Mac considered her argument. “Unless she was desperate and didn’t have time to grab clothes.”

“In which case, she wasn’t walking. She was running away. But that seems like a stretch.” Stella’s gut insisted that Dena had been violently taken from her home. But Mac was forcing her to see other possibilities.

“What now?” Mac asked.

“Now I go back to the station and fill out some paperwork.” Stella texted Brody the information on Adam’s alibi.

“Fun,” Mac teased.

“It’s exactly as exciting as it sounds.” She needed to update her files with today’s interviews, and she and Brody needed to compare notes. “Do you want me to drop you home?”

“Please. I need to head over to my brother’s house, where I will be tormented for shaving.”

“Siblings.” Stella grinned.

“Exactly.” Mac squinted out the window.

She drove out to Mac’s house.

“See you tomorrow.” His gaze dropped to her lips for a split second before he reached for the door handle, and she wondered if he wanted to kiss her.

Not professional.

But Mac seemed to bring out every inappropriate thought she could possibly have.

“Yes. Good night.” After he’d gotten out of the vehicle and disappeared inside his cabin, Stella turned the air-conditioning vents toward her face. She was halfway back to the police station when her cell buzzed. She picked it up. Gianna’s phone number was displayed on the screen.

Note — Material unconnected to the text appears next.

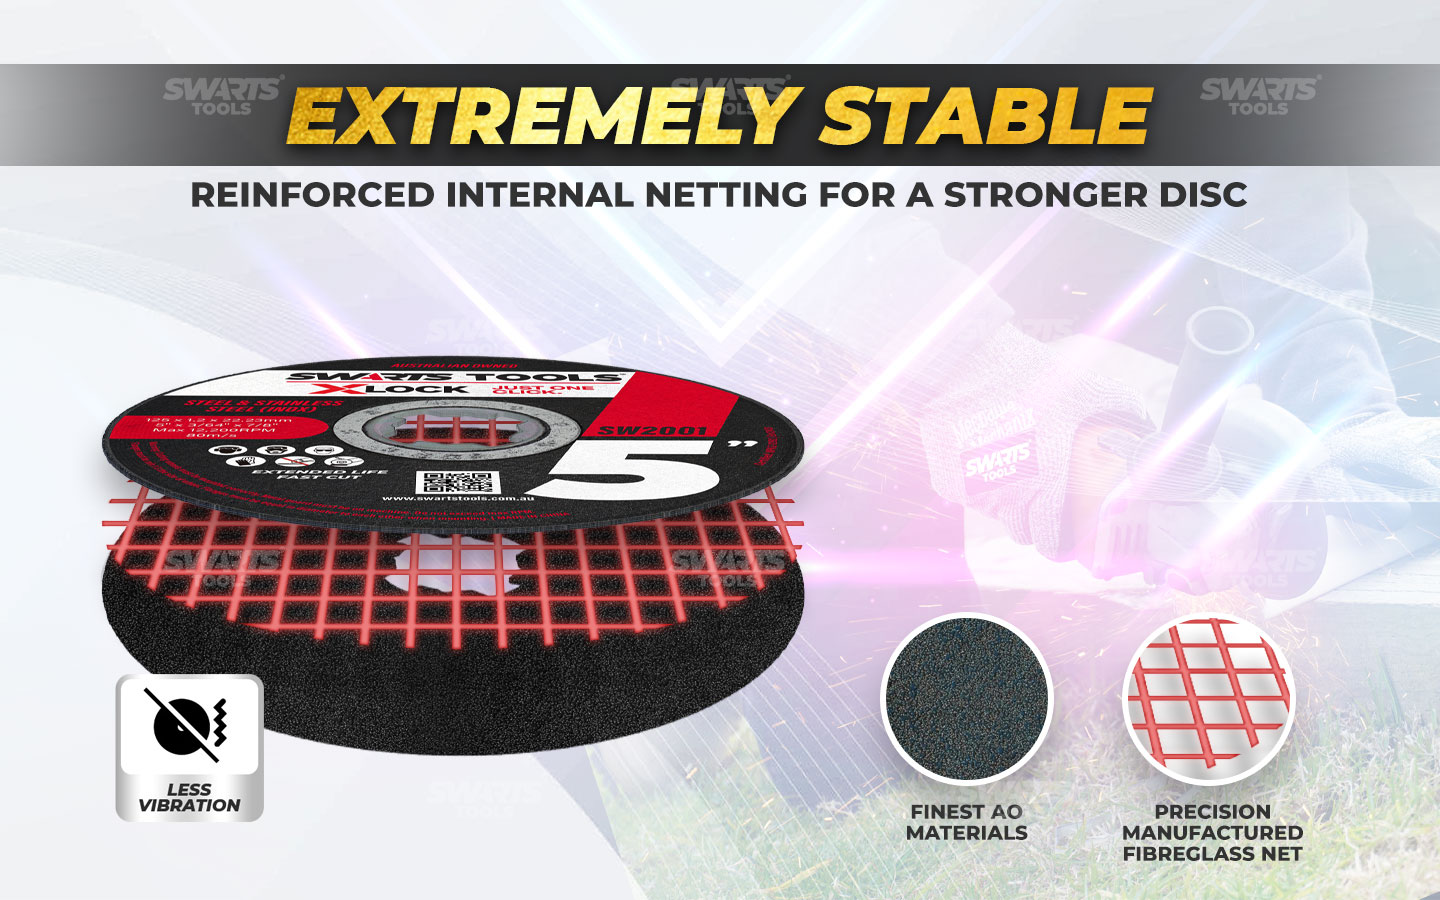 Extremely stable, reinforced internal nettting for a stronger disc

“Hello,” Stella answered the call.

Gianna didn’t bother with niceties. “I was getting ready to go to my NA meeting tonight, and I remembered something I should have told you this morning. I saw this guy hanging around outside when I went into the last meeting.”

Stella grabbed for her notebook and pen. “Can you describe him?”

“About six feet tall,” Gianna said. “Thin, short hair.”

“Where did you see him?” Stella asked, excitement humming in her blood.

“Thursday night at the Catholic church.”

“Was he at any of the other meetings?”

“Not that I noticed.”

“Do you have a meeting schedule?” Stella asked.

“It’s posted on the local NA group website.” Gianna rattled off a web address.

Stella put the call on speaker and accessed the site on her smart phone. There were multiple meetings listed every day in the region, which covered the tri-county area. A recovering addict with a car could find a meeting every single day if that’s what he needed.